The First Definition: Definition $(1)$ seems to be motivated by averaging $X(t)$ over each interval induced by $P$. In fact we could have a "more general" integral by considering, for $\lambda \in [0,1]$,

$$\lim_{\|P\| \to 0} \sum_{i=1}^n \Big( (1-\lambda) X(x_i) + \lambda X(x_{i-1}) \Big)\Delta B_i \tag{1'}$$

where Itô integration arises from $\lambda = 0$, as an example, and Stratonovich (in the sense of $(1)$) under $\lambda=1/2$.

In my reading, I've seen this used by

The Wikipedia article on Stratonovich integrals (link)
Apparently this is used in Ioannis Karatzas & Steven Shreve's Brownian Motion and Stochastic Calculus (Amazon link)
The Encyclopedia of Math website (link)
An article by Jonathan Mattingly on The Probability Workbook (link)

The Second Definition: Definition $(2)$ seems to be inspired simply by the Riemann-Stieltjes formulation for deterministic functions:

$$\int_0^t f(x) \, \mathrm{d} \varphi(x) = \lim_{\|P\| \to 0} \sum_{i=1}^n f(\xi_i) \Delta \varphi_i \tag{2'}$$

(for $\Delta \varphi_i$ defined similarly as for $\Delta B_i$).
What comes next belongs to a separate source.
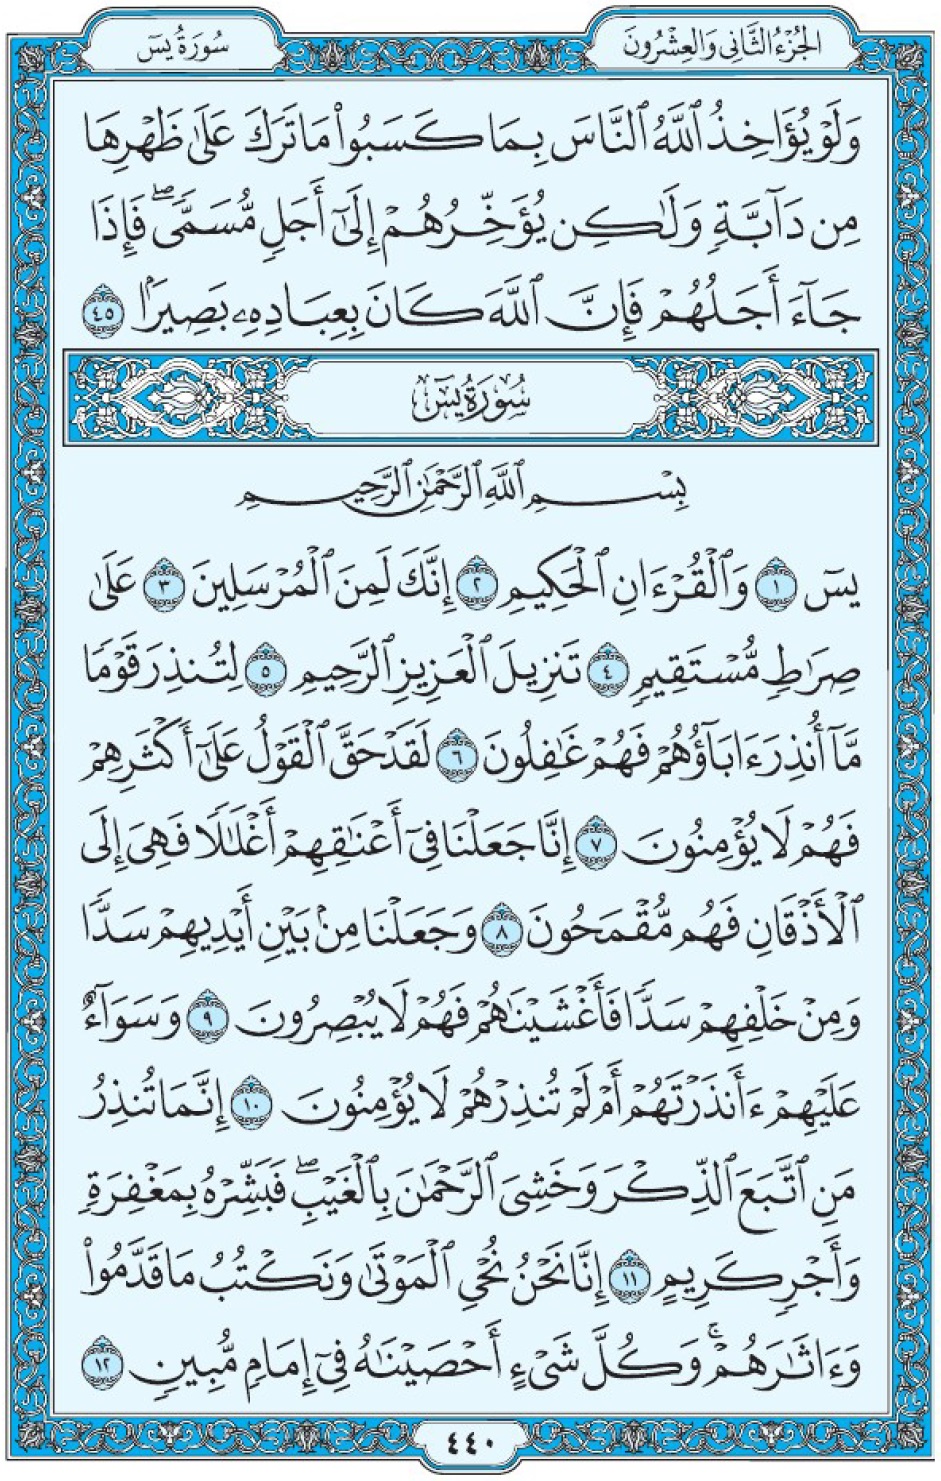 Коран Мединский мусхаф страница 440, сура 36 Йа Син سورة ٣٦ يس

In this case, $\xi_i \in [x_{i-1},x_i]$. This second definition of the Stratonovich integral seems to be inspired similarly: take $\xi_i$ to be the midpoints, $\varphi$ your Brownian motion, and $f$ comes from your stochastic process.

In my reading, I've seen this definition used by:

Bernt Øksendal in Stochastic Differential Equations: An Introduction with Applications (Amazon link)
Dr. Peyam on YouTube (video link)
Apparently, this arises in Steven Shreve's Stochastic Calculus for Finance (Amazon link)
Lewis Smith on this webpage

My Question: It does not seem obvious to me that these would be equivalent definitions. Moreover, I've several times seen on Math Stack Exchange (e.g. here) the claim that $(1)$ is the "correct" definition, though seeing it used elsewhere (e.g. this Math Overflow post) no one objects (openly) to $(2)$.
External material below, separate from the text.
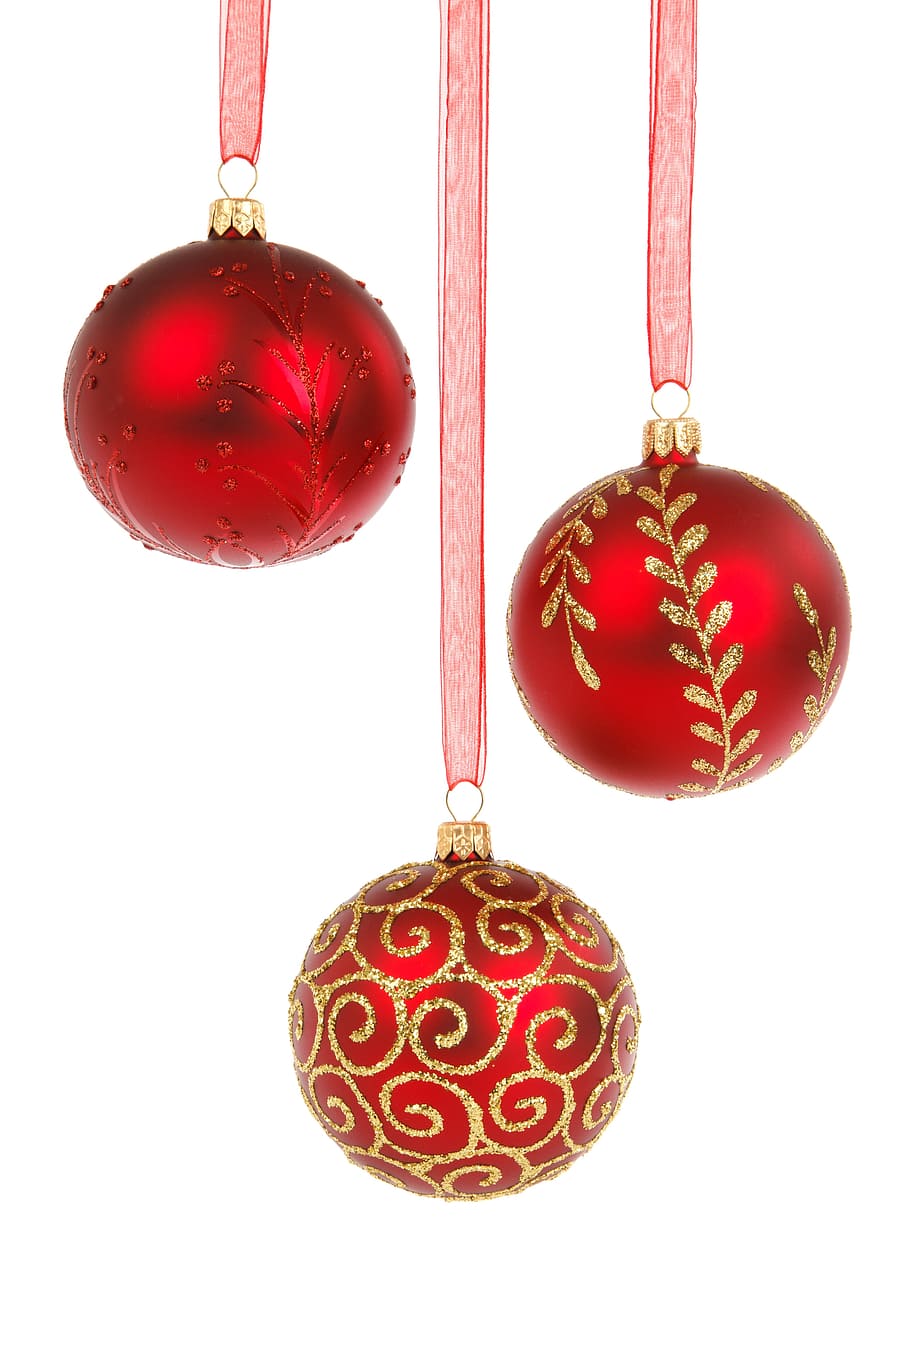 3つの赤いつまらないもの, ボール, 安物の宝石, お祝い, クリスマス, 12月, 装飾, ガラス, ぶら下げ, 休日

Hence, I'm seeking a proper, definitive answer, because I am very confused:

Which is "correct" to call the Stratonovich integral? Is it simply a matter of preference?
Is there a particular reason to prefer one over the other if there is no definitive answer?
Do any results for one definition break under the other? (Such as: does the conversion to an Itô integral break? What about properties like the chain rule?)
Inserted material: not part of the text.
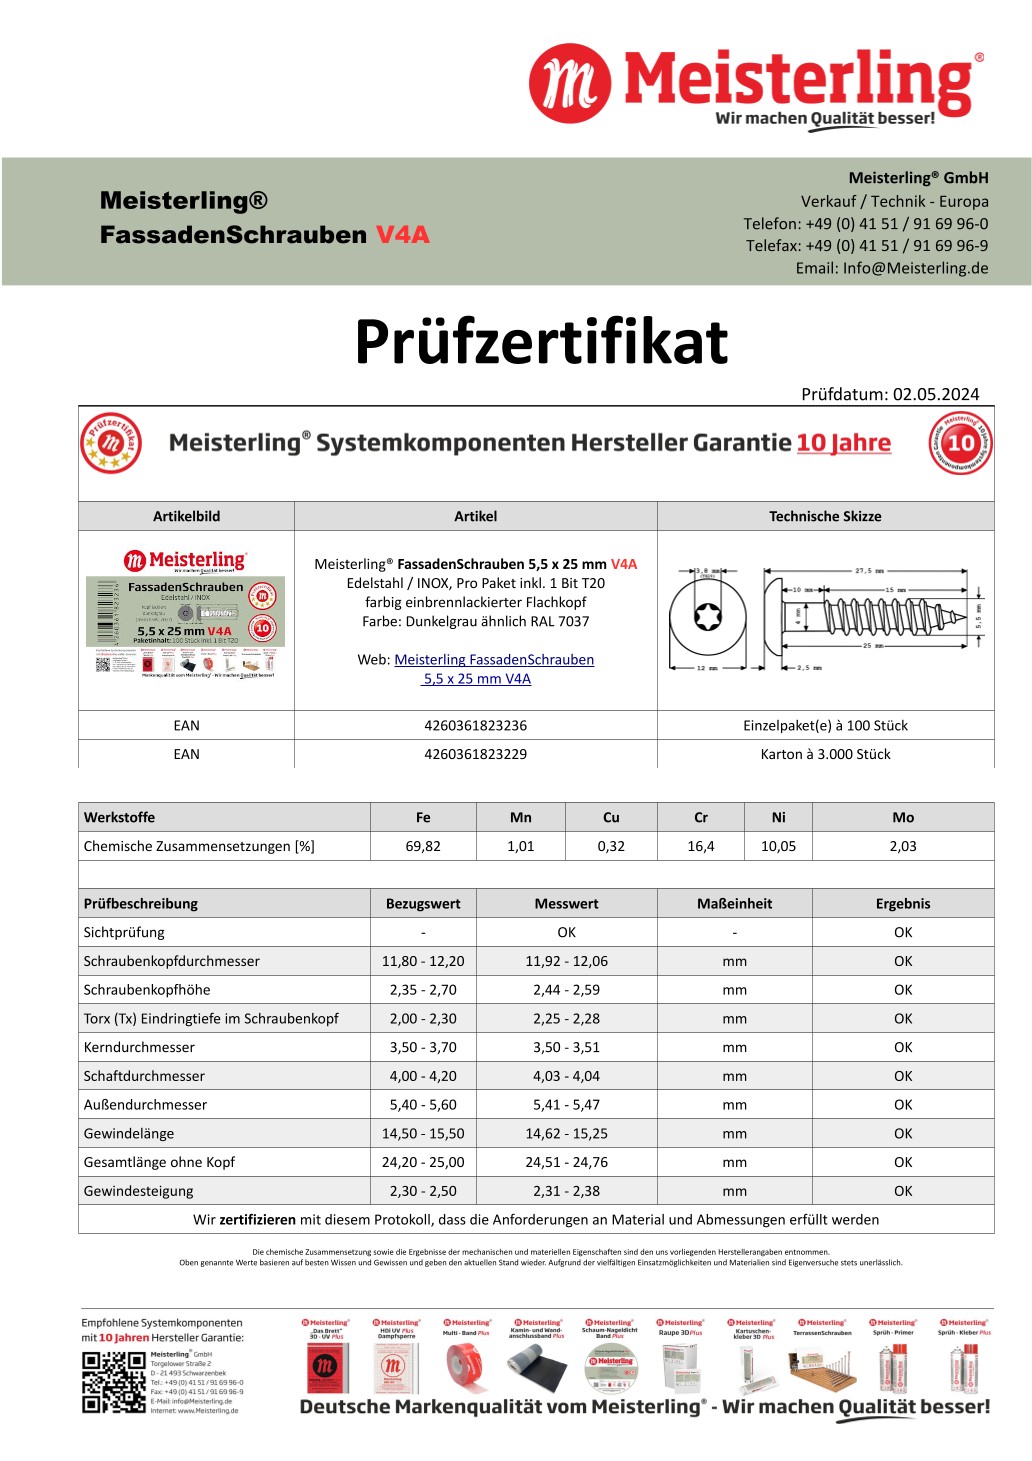 Prüfzertifikat Meisterling® FassadenSchrauben 5,5 x 25 mm V4a dunkelgrau

...or am I just totally missing something here?

Well, if $(2)$ is incorrect, why is it so? Why do people still use it? What makes $(1)$ the right definition? — PrincessEev, Apr 07 '22 at 16:13
@KurtG. I don't know why you say the second definition is wrong, it can be shown (see for instance "Introduction to stochastic integration" by H-H-Kuo) that both are equivalent. Furthermore in the answer you linked above, you state that the term $S(\Pi)$ with $\epsilon=1$ does not converge to $t/2$ but actually it does. — Chaos, Apr 08 '22 at 06:39
See also the Corollary after Theorem V-5.30 of Protter's book — Chaos, Apr 08 '22 at 06:49
@KurtG. I don't quite understand your proof, mainly because I've never heard about the H-K integral. Honestly speaking I think that Protter is a sufficiently trustworthy reference — Chaos, Apr 08 '22 at 15:00
@KurtG. I posted an answer https://math.stackexchange.com/a/4423659/607487 with some calculation that may shed some light — Chaos, Apr 09 '22 at 09:32
@Chaos . Great ! Thanks . Will read line by line tomorrow and in coming days. — Kurt G., Apr 09 '22 at 16:29
@EeveeTrainer . Chaos has finally convinced me that I was wrong here in my comments and in that post originally. Thanks for finding all those references. Apparently the two seemingly different definitions of the Stratonovich integral are equivalent. As far as I know only the book of Kuo has contained a proof. — Kurt G., Apr 13 '22 at 10:31

score 2 · Accepted Answer · answered Apr 13 '22 at 09:59

Indeed both definitions are equivalent (see for instance the Theorem V-5.30 of Protter's book).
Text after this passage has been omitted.